8
votes

Note that this question is in the context of Julia, and therefore (to my knowledge) PCRE.

Suppose that you had a string like this:

"sssppaaasspaapppssss"

and you wanted to match, individually, the repeating characters at the end of the string (in the case of our string, the four "s" characters - that is, so that matchall gives ["s","s","s","s"], not ["ssss"]). This is easy:

r"(.)(?=\1*$)"

It's practically trivial (and easily used - replace(r"(.)(?=\1*$)","hell","k") will give "hekk" while replace(r"(.)(?=\1*$)","hello","k") will give "hellk"). And it can be generalised for repeating patterns by switching out the dot for something more complex:

r"(\S+)(?=( \1)*$)"

which will, for instance, independently match the last three instances of "abc" in "abc abc defg abc h abc abc abc".

Which then leads to the question... how would you match the repeating character or pattern at the start of the string, instead? Specifically, using regex in the way it's used above.

The obvious approach would be to reverse the direction of the above regex as r"(?<=^\1*)(.)" - but PCRE/Julia doesn't allow lookbehinds to have variable length (except where it's fixed-variable, like (?<=ab|cde)), and thus throws an error. The next thought is to use "\K" as something along the lines of r"^\1*\K(.)", but this only manages to match the first character (presumably because it "advances" after matching it, and no longer matches the caret).

For clarity: I'm seeking a regex that will, for instance, result in

replace("abc abc defg abc h abc abc abc",<regex here>,"hello")

producing

"hello hello defg abc h abc abc abc"

As you can see, it's replacing each "abc" from the start with "hello", but only until the first non-match. The reverse one I provide above does this at the other end of the string:

replace("abc abc defg abc h abc abc abc",r"(\S+)(?=( \1)*$)","hello")

produces

"abc abc defg abc h hello hello hello"
2
use this ^(\S+)(?:\s+\1)* and then do splitting on space character,Avinash Raj
@AvinashRaj - if you read through the full question, you'll see that I'm wanting to know if it can be done without multiple steps - that is, just with a regex. I can do it with the end-of-string equivalent, with r"(.)(?=\1*$)" (or more generally r"(\S+)(?=( \1)*$)").Glen O
Reverse the string. ;-)1983
@KingMob - you can do that, if you only want to match in one direction. But it's not a regex solution, and it doesn't help if you want to match in both directions (for instance, to capture the first sho in each part of the string "shorts shoes shop shovel shortstuff shoplifter shopshop", and not the second sho in shopshop, you need to look in both directions - you're basically figuring out which part isn't the delimiter, in a sense)Glen O
Well, you could replace (\S+)((?= \1)|.*) with "hello$2" (JavaScript for example), but unfortunately you need to be able to reference the submatches in the replacement string which AFAIK you can't do in Julia :-(1983

2 Answers

8
votes

You can use the \G anchor that matches the position after the previous match or at the start of the string. In this way you ensure the contiguity of results from the start of the string to the last occurrence:

\G(\S+)( (?=\1 ))?

demo

or to be able to match until the end of the string:

\G(\S+)( (?=\1(?: |\z)))?
3
votes

For PCRE style engines, unfortunately there is no way to do this without
variable length lookbehind.

A pure solution is not possible.
There is no \G anchor trickery that can accomplish this.

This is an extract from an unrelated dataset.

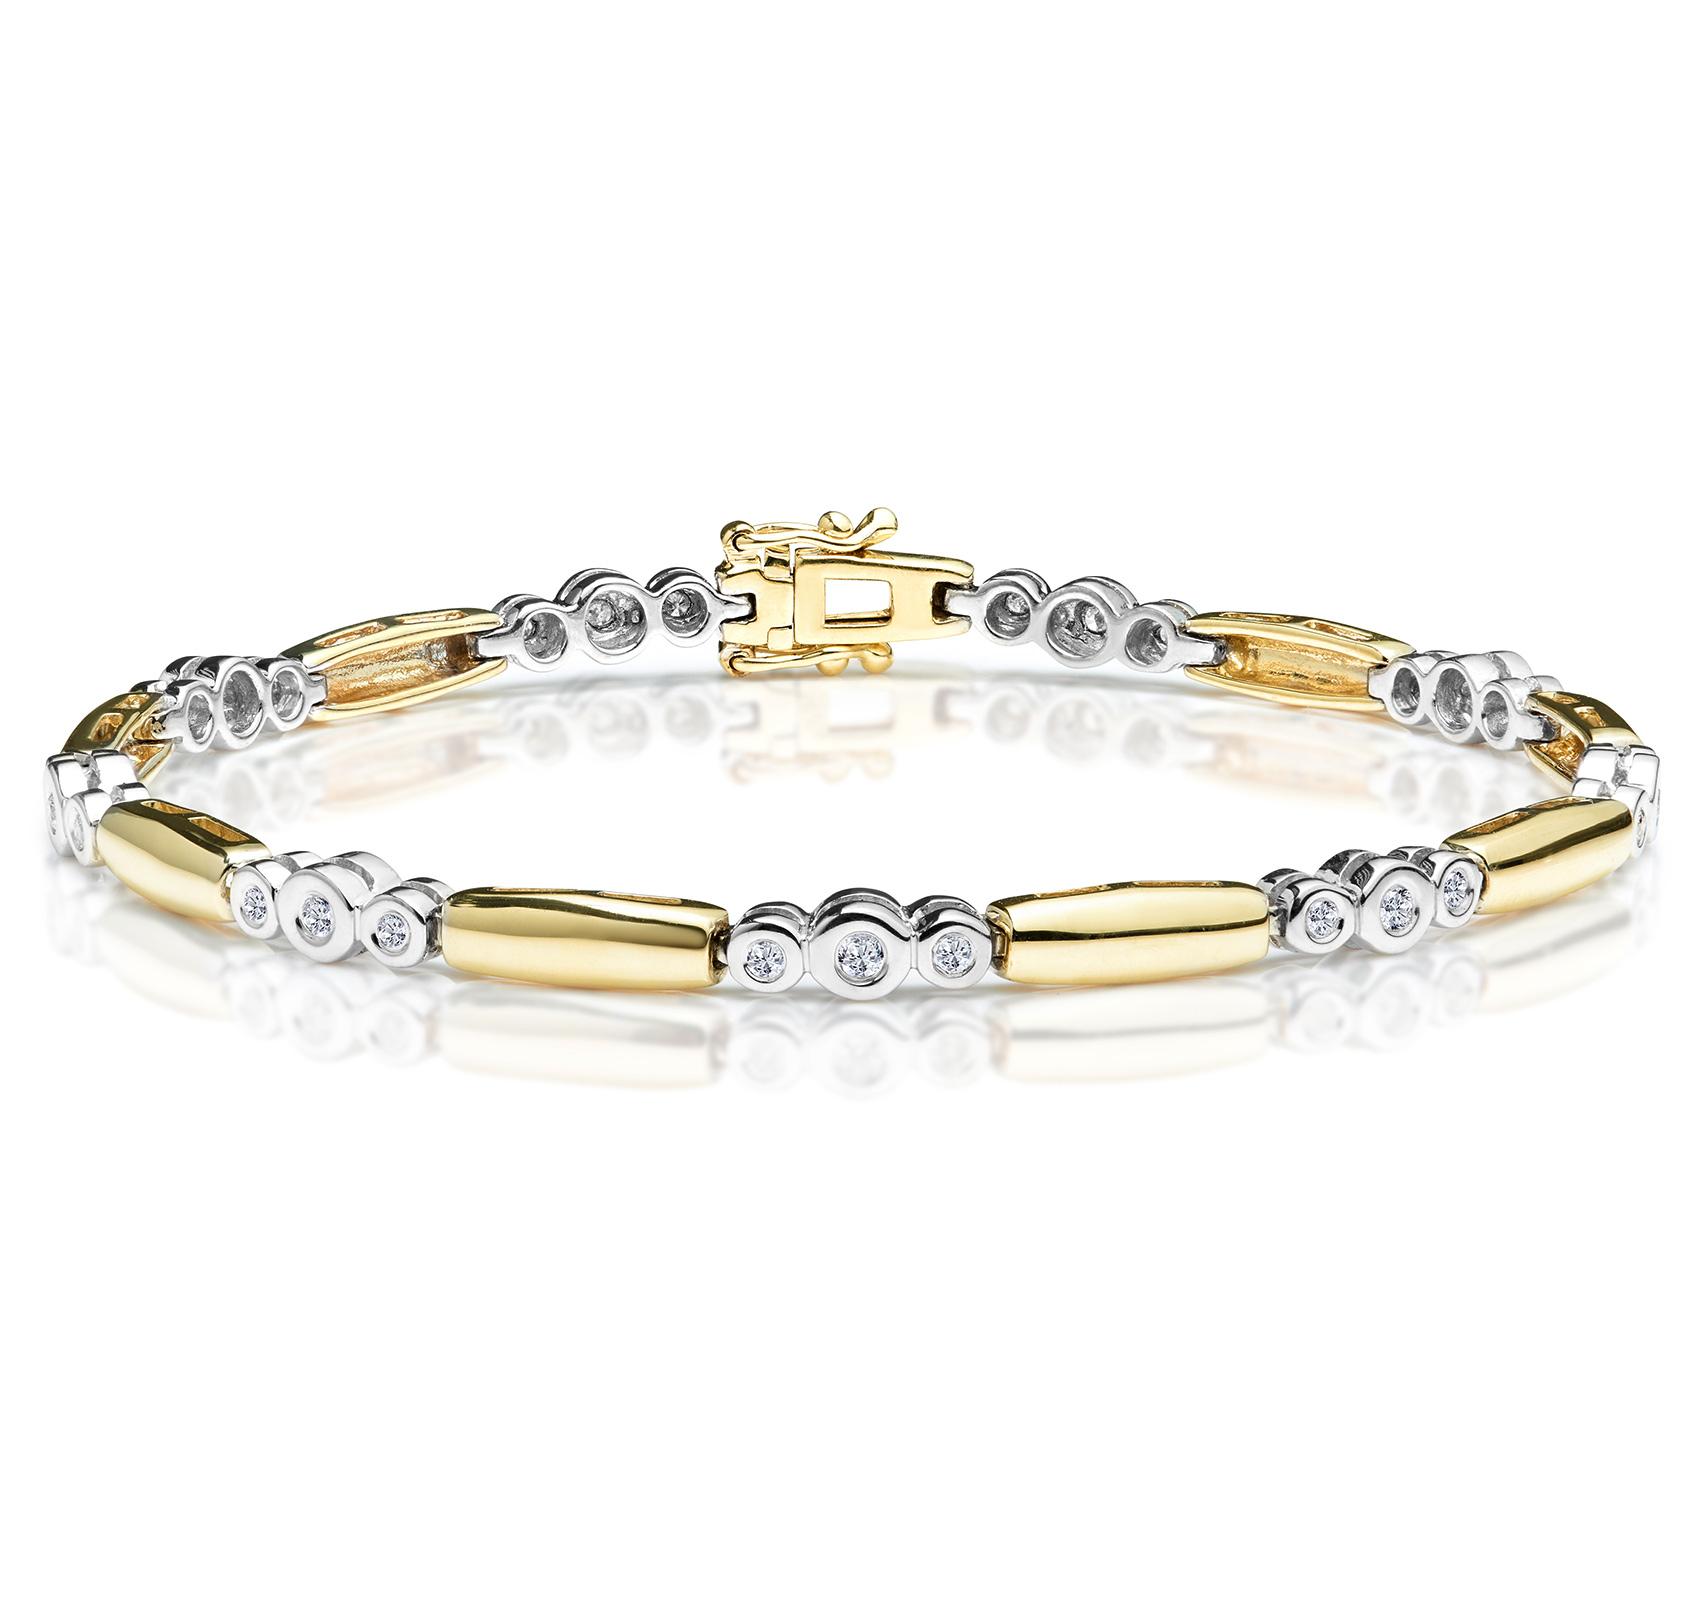 1/4 CARAT DIAMOND RUBOVER BRACELET IN 9K GOLD

Here is why the \G anchor won't work.

With the anchor, the only guarantee you have is that the last match
resulted in a match where the forward overlap was checked to be equal
to the current match.

As a result, you can only globally match up to N-1 of the duplicate's from the beginning.

Here is a proof:

Regex:

 # (?:\G([a-c]+)(?=\1))

 (?:
      \G 
      ( [a-c]+ )                    # (1)
      (?=
           \1 
      )
 )

Input:

abcabcabcbca

Output:

 **  Grp 0 -  ( pos 0 , len 3 ) 
abc  
 **  Grp 1 -  ( pos 0 , len 3 ) 
abc  
------------
 **  Grp 0 -  ( pos 3 , len 3 ) 
abc  
 **  Grp 1 -  ( pos 3 , len 3 ) 
abc  

Conclusion:

Even though you know the Nth one is there from the previous lookahead,
the Nth one can't be matched without the condition of the current lookahead.

Sorry, and good luck!
Let me know if you find a pure regex solution.